Title: Knowledge is Made for Cutting: Genealogies of Race and Gender in Female Circumcision Discourse
Authors: Noss, Kaitlin E.
Advisor: Nestel, Sheryl
Department: Sociology and Equity Studies in Education
Keywords: female circumcision
international development
Issue Date: 1-Jan-2011
Abstract: This thesis analyzes examples of current female circumcision discourse within U.S. feminist contexts and western-based anti-circumcision projects operating in Kenya. This analysis reveals that, despite recent critiques from postcolonial scholars and activists, the knowledge produced around female circumcision perpetuates discursive and material violence against Kenyan Maasai communities. I explore how this violence has persisted in neo/colonial eras as part of the white western feminist ‘care of self’ technique of displacing female abjection through the pleasure of whiteness.
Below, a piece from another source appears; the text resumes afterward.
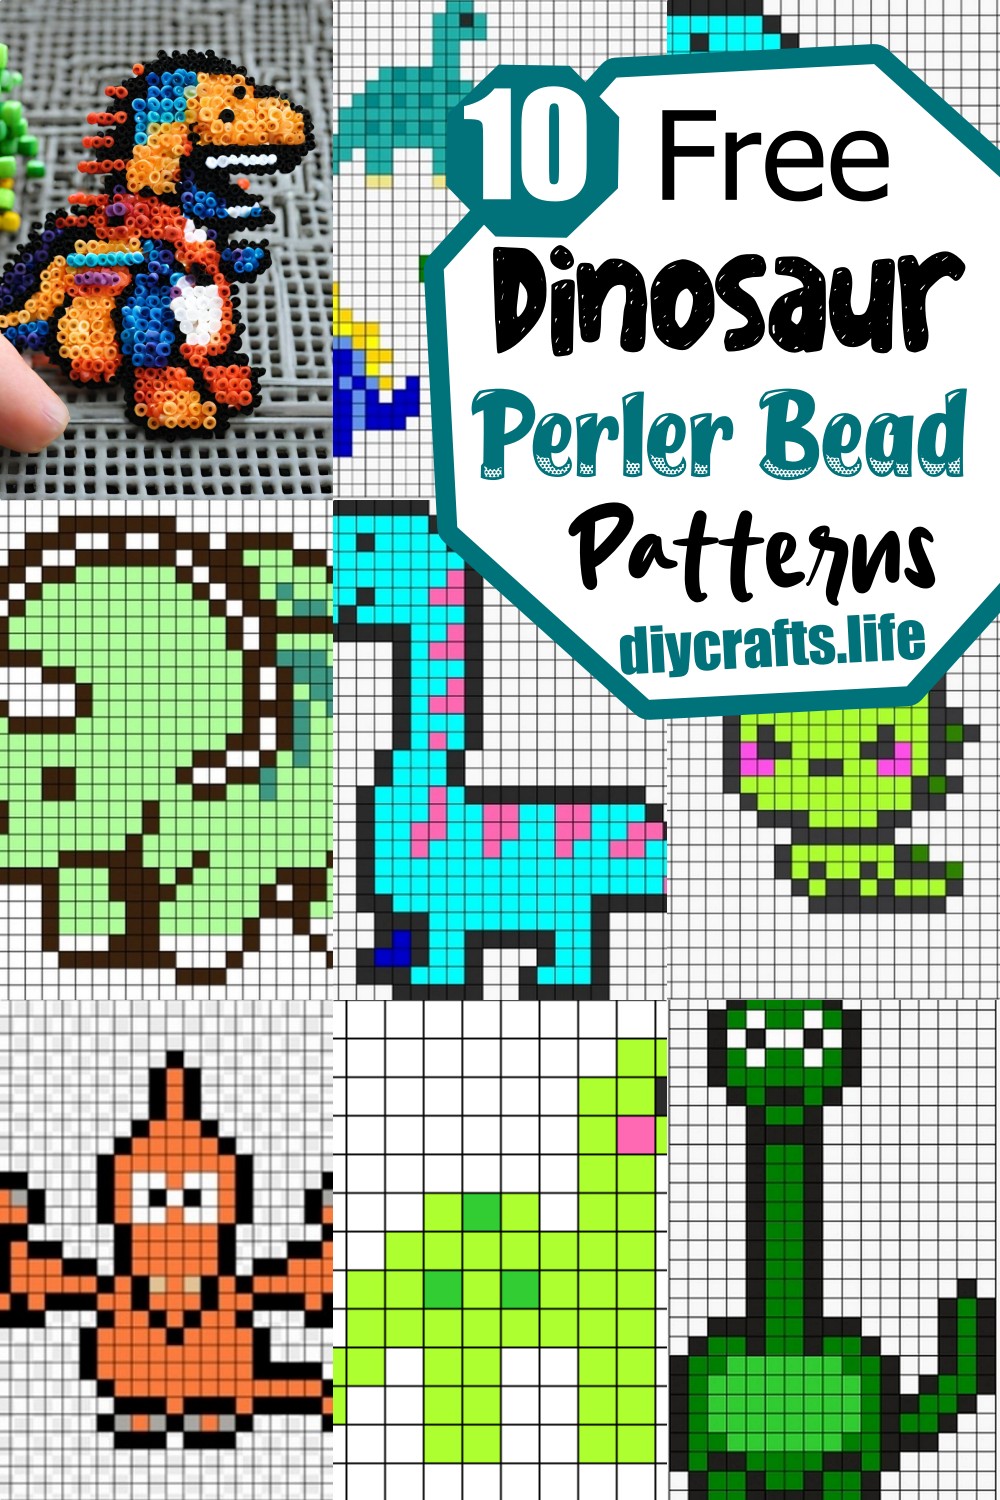 10 Dinosaur Perler Beads Patterns For Prehistoric Fun - DIY Crafts
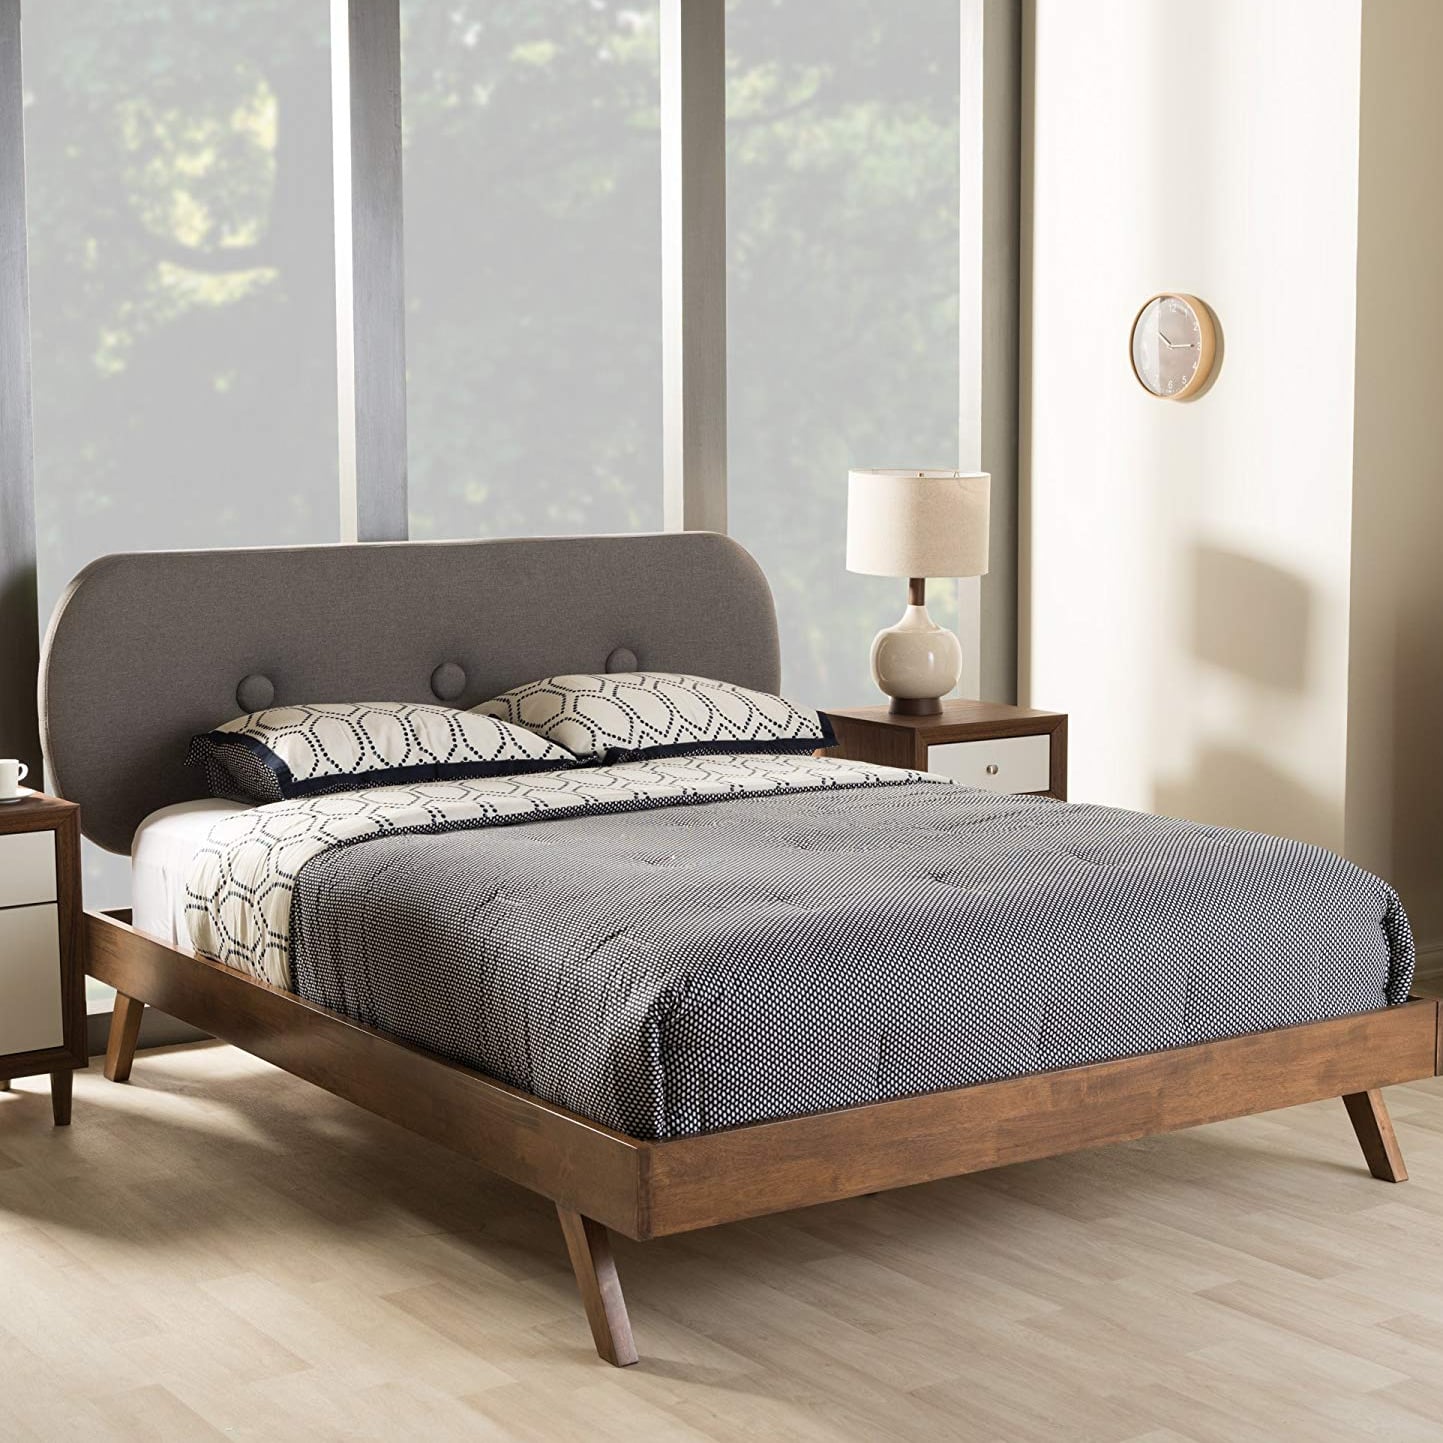 Best Bedroom Furniture From Amazon Popsugar Home Australia

I trace how these formations of race and gender have become attached to understandings of genitalia through colonial-era race science, Freudian psychoanalysis and some feminist texts from 1949-1970. I suggest that these western feminist constructions of sexual liberation rely on depicting racialized women as primitive and degenerate. Finally, I argue that these racial and gendered constructions now inform concepts of ‘developed’ versus ‘underdeveloped’ bodies and nations in contemporary international development work.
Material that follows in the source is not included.